La relance du projet « orbital » est, à ce titre, exemplaire. Bien qu’il corresponde à une attente forte pour développer les déplacements banlieue-banlieue, je m’interroge sur la pertinence de son périmètre. Le tracé actuellement étudié concerne une nouvelle fois les zones les mieux desservies en matière de transport. Profitons de l’intérêt que suscite ce projet pour enfin donner une réponse aux difficultés rencontrées par les villes de la moyenne couronne. En tant que président de Région, Jean-Paul Huchon a réaffirmé qu’une rocade ferrée à quelques encablures du périphérique est une idée parisienne. Je le rejoins pour défendre la priorité au désenclavement de ville comme Clichy, Montfermeil, Aulnay, Tremblay, Sevran ou encore Sarcelles. Ces villes correspondent à la chaîne des grands ensembles mis sur champs dans les années 70 qui, en l’absence d’un véritable accès à l’emploi et aux services, subit un isolement accru. C’est à ces villes, où les difficultés sociales sont les plus fortes, qu’un projet aussi prometteur doit être destiné. Vous savez comme moi le rôle que peuvent jouer les transports publics dans la vie des quartiers. Il s’agit d’un moyen essentiel pour lutter contre la logique d’enclavement et de repli qui précarise leurs habitants. Là où de véritables poches de pauvreté se sont formées, il est impératif de développer des moyens de transports sûrs, réguliers, confortables et accessibles financièrement. Avec eux, l’égal accès à l’emploi, à la culture, aux sports et aux services deviendra un objectif réalisable. Sans eux, la ségrégation sociale continuera à caractériser nos territoires.

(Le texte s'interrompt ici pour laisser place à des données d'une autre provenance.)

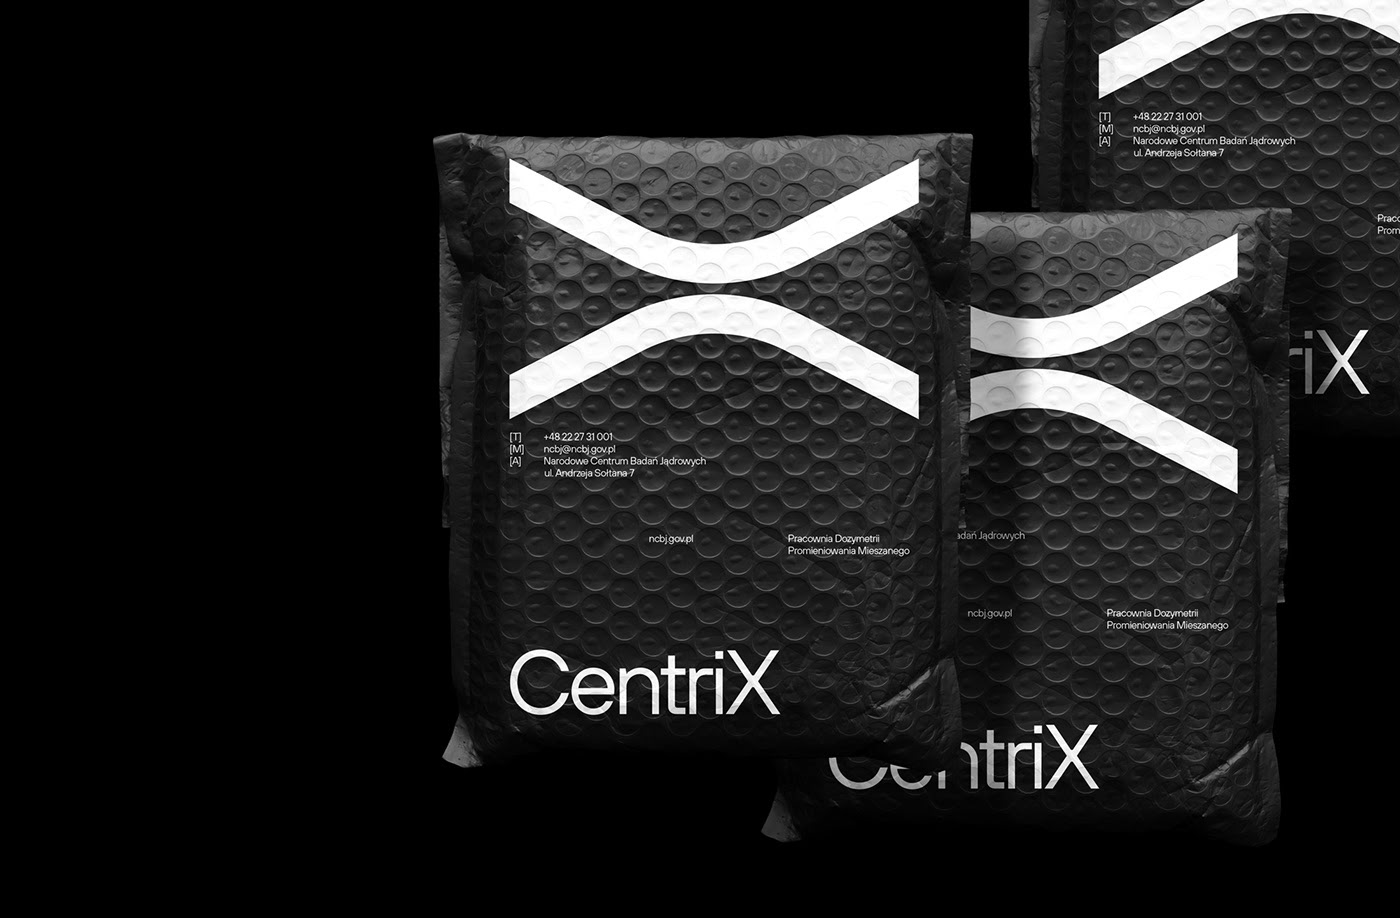 CentriX品牌形象设计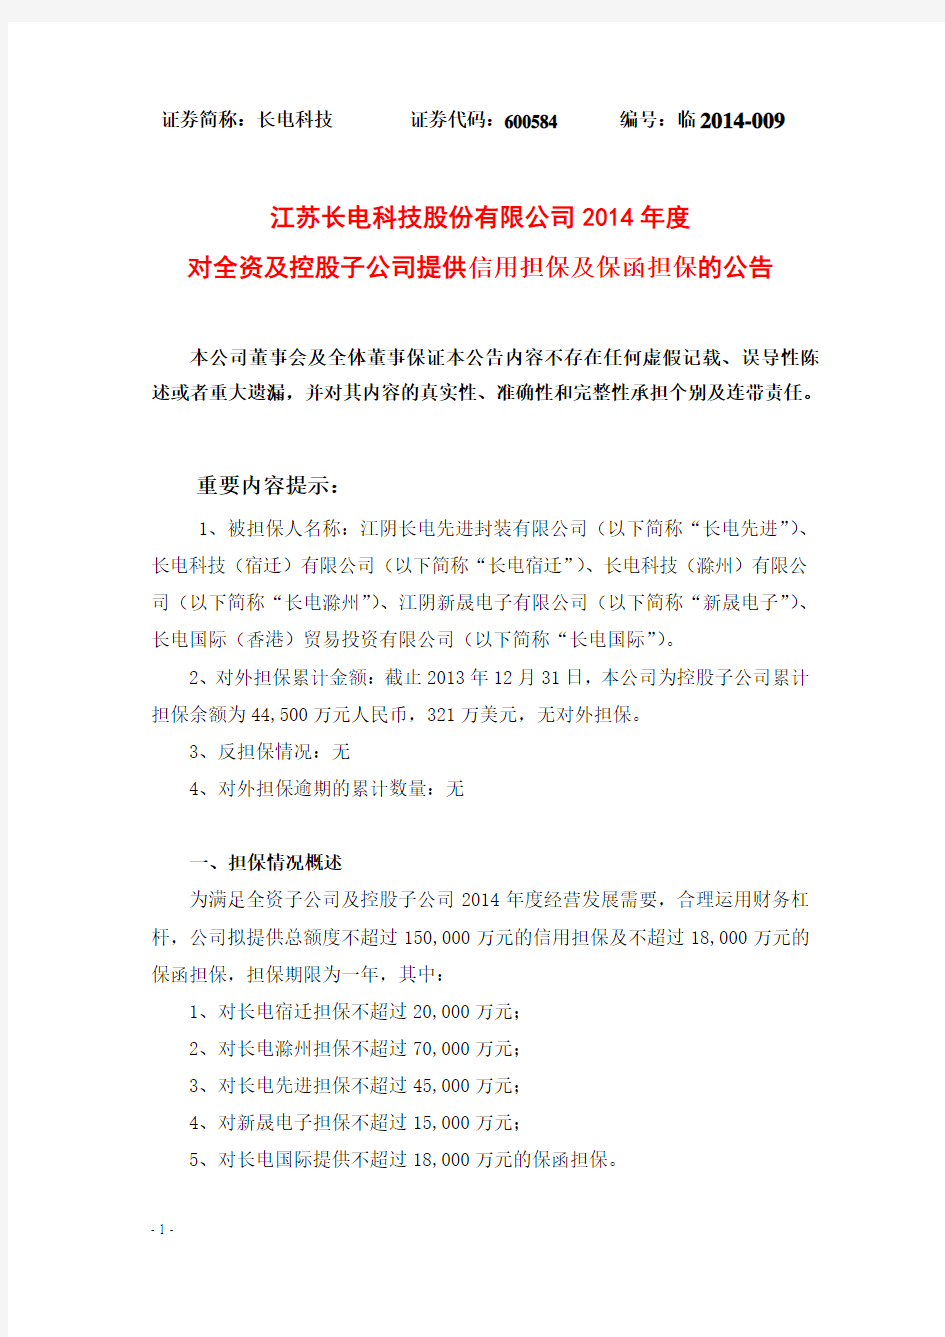 江苏长电科技股份有限公司 2014 年度 对全资及控股子公司

Je demande à ce que soit mis en oeuvre la même réflexion, la même volonté et le même engagement pour les déplacements en moyenne et grande couronne que pour ceux de Paris et sa proche banlieue.

Les collectivités locales de la moyenne couronne sont celles qui pâtissent le plus des déséquilibres actuels. En plus de financer les déficits des lignes départementales de bus, les villes, qui n’en ont pourtant pas la compétence, sont obligées de mettre en place des systèmes alternatifs. La municipalité de Tremblay-en-France a décidé la mise en service au mois de septembre d’un réseau intra-muros de bus, financé uniquement sur le budget de la Ville. Une décision qui intervient après avoir mis en place Allobus qui facilite l’accès à l’emploi sur la zone aéroportuaire où le travail en heure décalé est très important. De telles solutions soulignent l’urgence à agir mais ne sauraient remplacer une politique publique globale et concertée sur les vrais enjeux des transports franciliens. En tant que maire et parlementaire, j’appelle chaque responsable politique, chaque élu de la nation, à réagir pour mettre fin à cette rupture de l’égalité républicaine. Je demande à ce que soit mis en oeuvre la même réflexion, la même volonté et le même engagement pour les déplacements en moyenne et grande couronne que pour ceux de Paris et sa proche banlieue. Nous partageons le même espace urbain et les mêmes contraintes de développement, nous avons en commun le même objectif de réduction de la pollution et de redéploiement de l’offre de transports en commun. Il est vital que chaque partie prenante, pouvoirs publics et entreprises chargées d’une mission de service public, prenne la mesure de l’urgence à garantir à tous un service public des transports efficace et équitable.